DATA BLOCK.
[Start of Attachment]

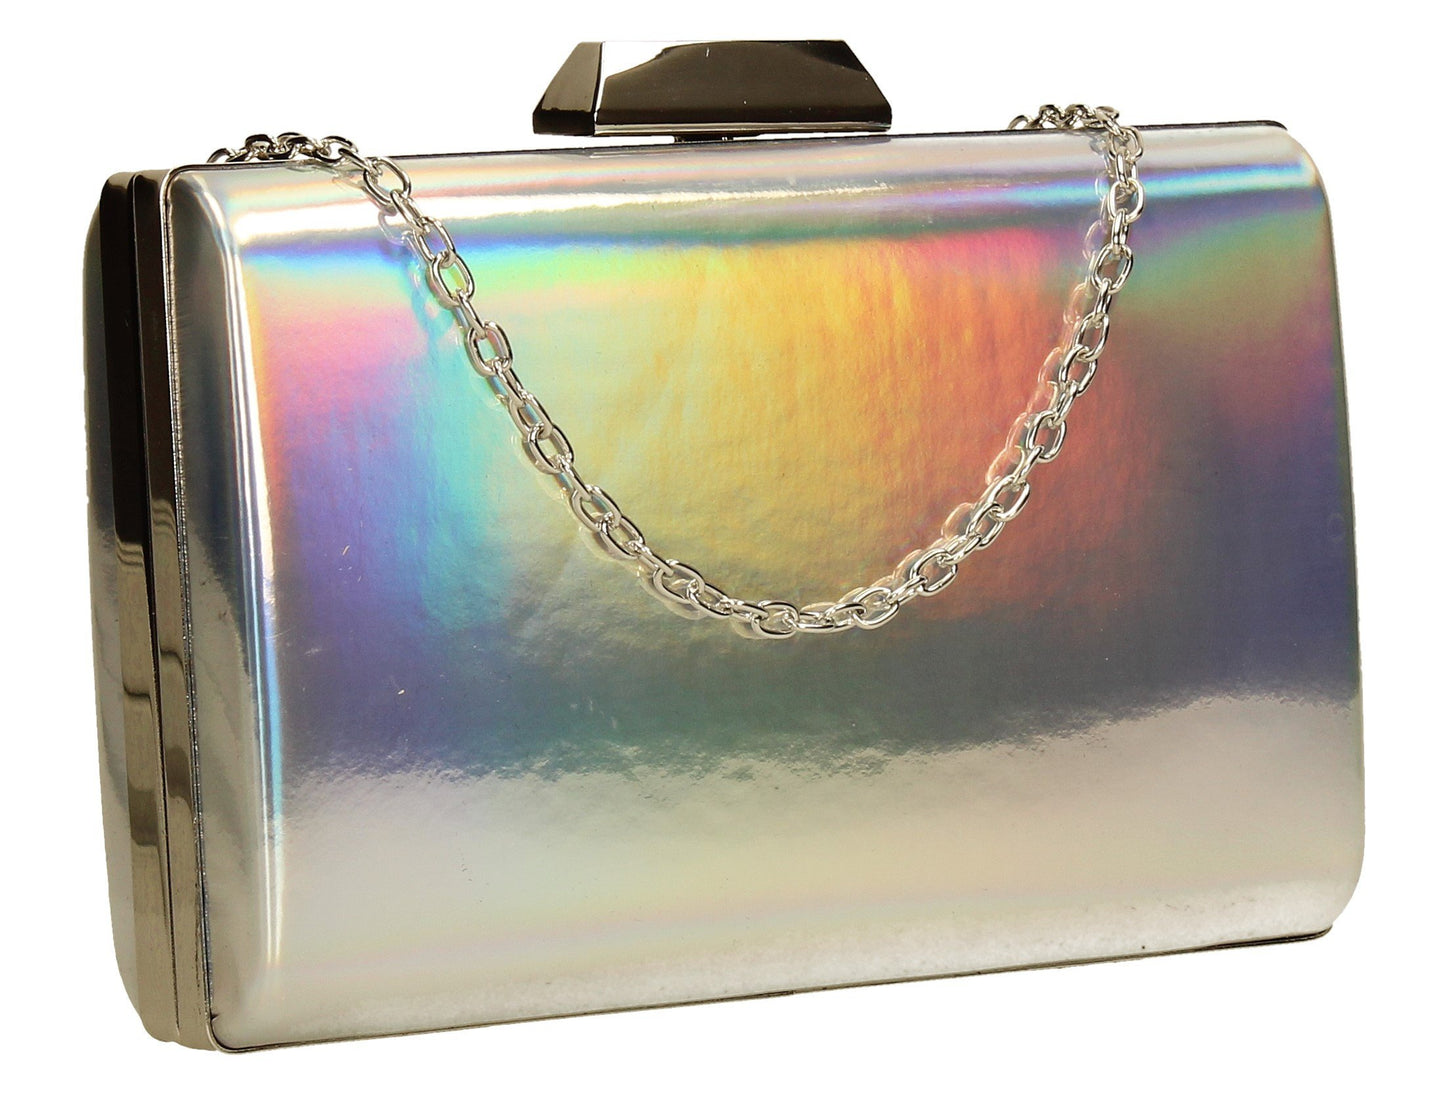 SWANKYSWANS Arizona Metallic Clutch Bag Holograpic Cute Cheap Clutch Bag For Weddings School and Work
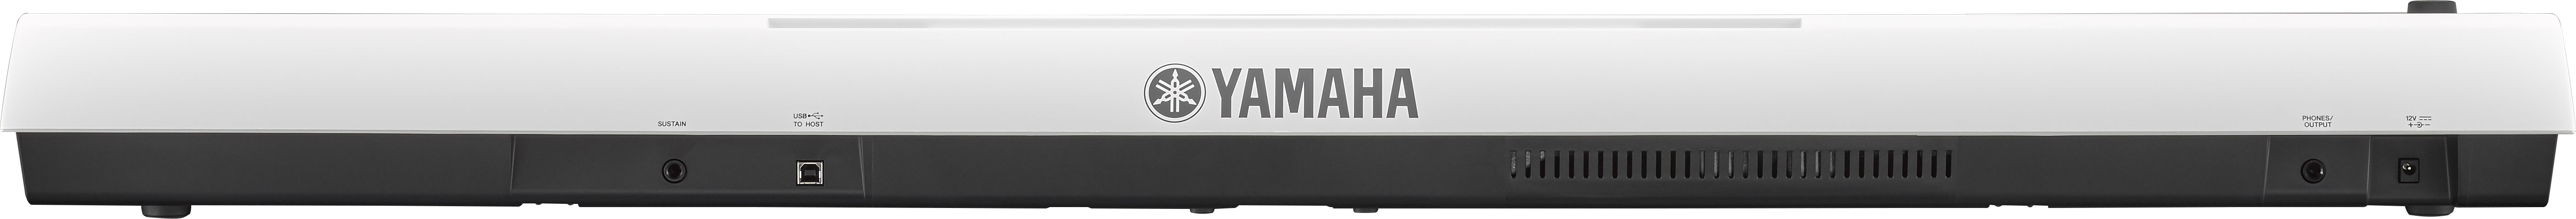 Yamaha Np-32 - White - Portable digital piano - Variation 1
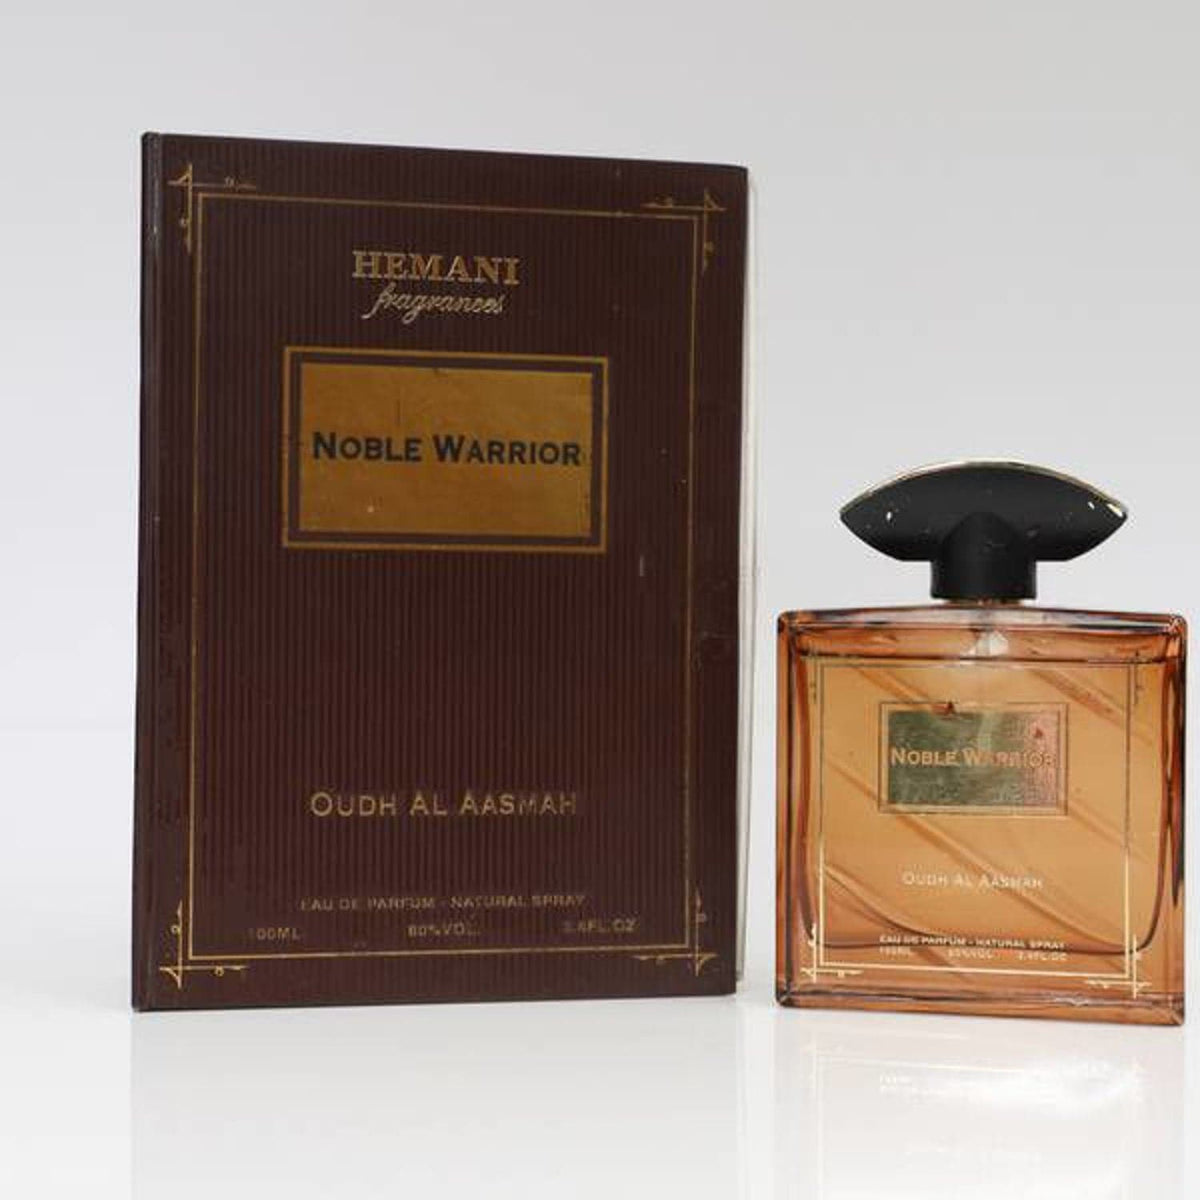 Hemani Noble Warrior Perfume 100Ml - Premium  from Hemani - Just Rs 900.00! Shop now at Cozmetica

[End of Attachment]

WHAT NEEDS TO BE DONE. Restate, exactly as they appear, the line with "Yamaha Np-32 - White" and all the lines after it up to the end of the data above; images do not belong in the copy.

RESULT FOR THIS TASK.
 Yamaha Np-32 - White - Portable digital piano - Variation 1
 Hemani Noble Warrior Perfume 100Ml - Premium  from Hemani - Just Rs 900.00! Shop now at Cozmetica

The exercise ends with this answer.